Hope this list helps a little in your quest for a great pizza with fewer callories.  And yes, use whole grain bread, and a touch of extra-virgin olive oil.

Seeeeeeeya; Goodweed of the North


----------



## c17ross07 (Jun 25, 2010)

hey I love what you are talking about..can anyone of you has a recipe to make pizza at home????I  just wanted to have a recipe that you can share and maybe i can make a twist with it for me to create my own version....Thanks!!!!


----------



## Wyogal (Jun 25, 2010)

Recipe?
dough
sauce
topping
low fat pizza recipe - Google Search


----------



## ChefJune (Jun 25, 2010)

Goodweed of the North said:


> 4 Pescuito


 
Goodweed, what's that?  a cross between pesto and prosciutto?


----------



## BreezyCooking (Jun 25, 2010)

Since the "furred & feathered kids" gifted "dad" with a lovely large pizza stone & peel for Fathers Day, I've been buzzing around all sorts of home pizza recipes to try.  Came across this one this morning, & since I'm a HUGE fan of Swiss Chard, plan to try it.  Easily converted to low-fat & extremely healthy!

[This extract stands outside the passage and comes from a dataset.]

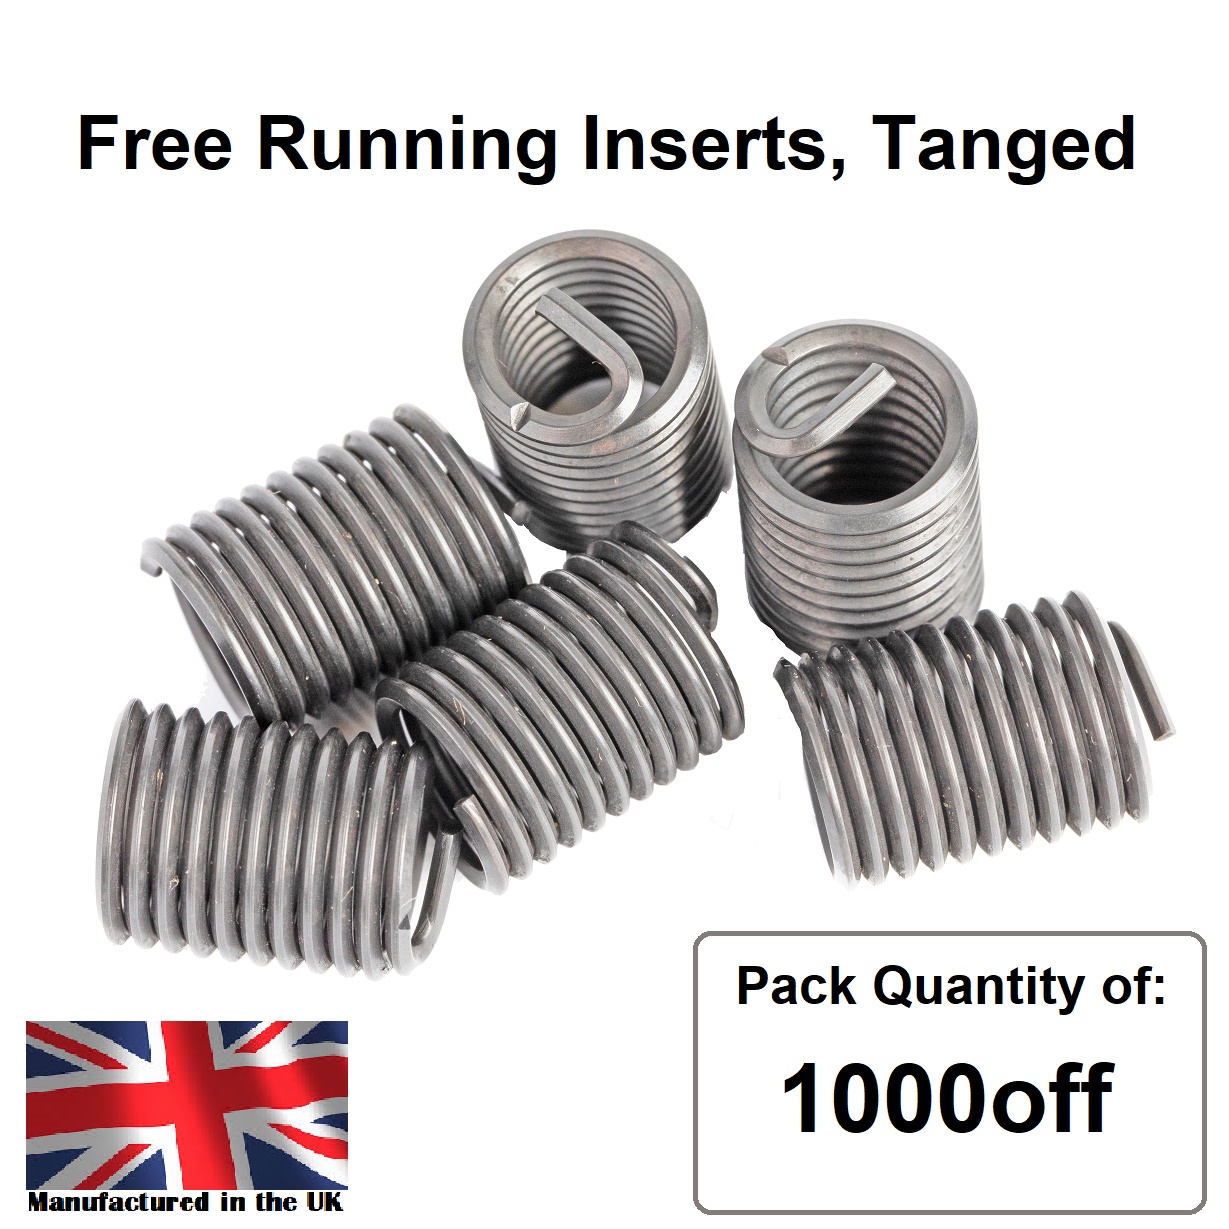 M8 x 1.25 x 1D Metric Coarse, Free Running, Tanged, Wire Thread Repair Insert, 304/A2 Stainless (Pack 1000)

Farmgirl Fare: Swiss Chard and Artichoke 'White' Pizza Recipe


----------



## Janet H (Jun 25, 2010)

We make pizza almost every week and controlling the fat content is simple. Limit the cheese. But don't eliminate it entirely.

Crust should be simple to make - use the same recipe you would use for french bread.
water, flour, yeast and salt.  There is NO added fat. 

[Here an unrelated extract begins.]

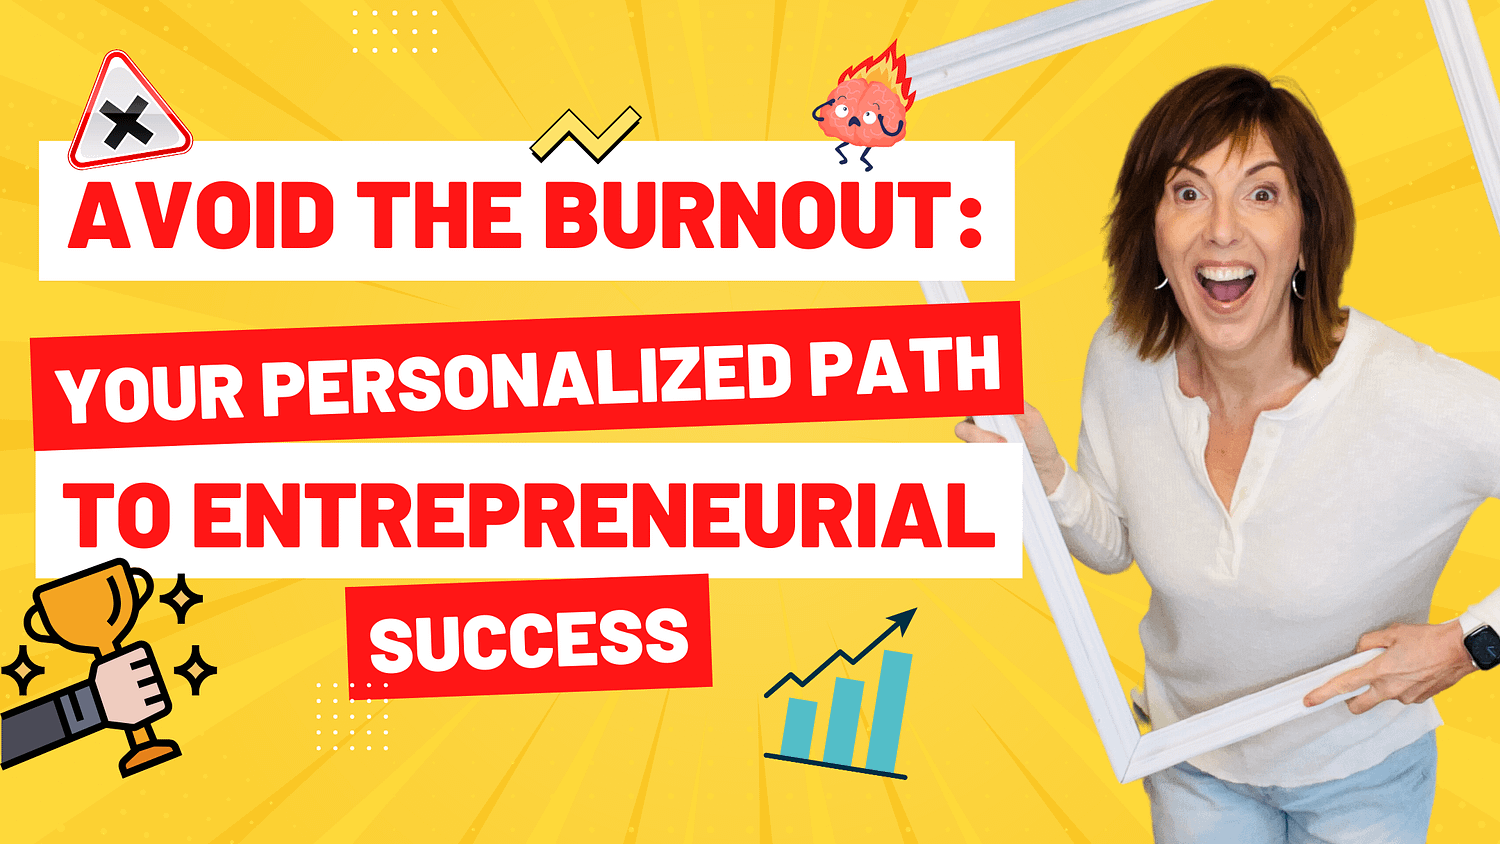 Avoid The Burnout: Your Personalized Path to Entrepreneurial Success

Sauce - use a simple canned tomato sauce (the plain kind) and season with dried herbs.  No fat.

Cheese - choose great lowfat cheese - just don't use very much.

Toppings - forget the meat.  Use mushrooms, onions, artichoke hearts, red peppers, basil leaves, etc.  Lots of flavor and NO FAT.

Cook on pizza pan using corn meal instead of oil to lube pan - no fat.


----------



## Chief Longwind Of The North (Jun 25, 2010)

ChefJune said:


> Goodweed, what's that?  a cross between pesto and prosciutto?



Yeh, Yeh, I fat-fingered it.  I'm only almost perfect.

Seeeeeya; Goodweed of the North


----------



## Frank 2022 (Aug 23, 2010)

caleycampbell said:


> I love pizza but its just packed with calories! Any ideas on a way to make it healthier?? I had a wholemeal pizza in Spain once which was amazing!


 

Have no fear make a veggie pizza.

Frank 2022


----------



## Claire (Aug 24, 2010)

My main tip would be to use ingredients with strong flavors.  I mean a slight sprinkling of pecorino romano has a lot more flavor than globs of mozerella, and if  you're going to  put meat on it, make it a strong flavored bit of ham rather than a glob of milder flavored sausage/pepperoni/ham.  The problem with lots of veggies is that they can become water-y.  So you wind up with soggy.


----------



## 4meandthem (Aug 24, 2010)

How about a whole grain tortilla with some slices of tomatoe then a few good salami and topped with a little fresh mozzerella. It can be microwaved for a tad just warm everything up.A little fresh basil chiffanade on top.
I do these when I want a quick lunch.

I also like these hybrid tortillas that Lucky Supermarkets carry.They are half corn half flower and come in white corn,yellow corn,green chili and chipotle flavors.


----------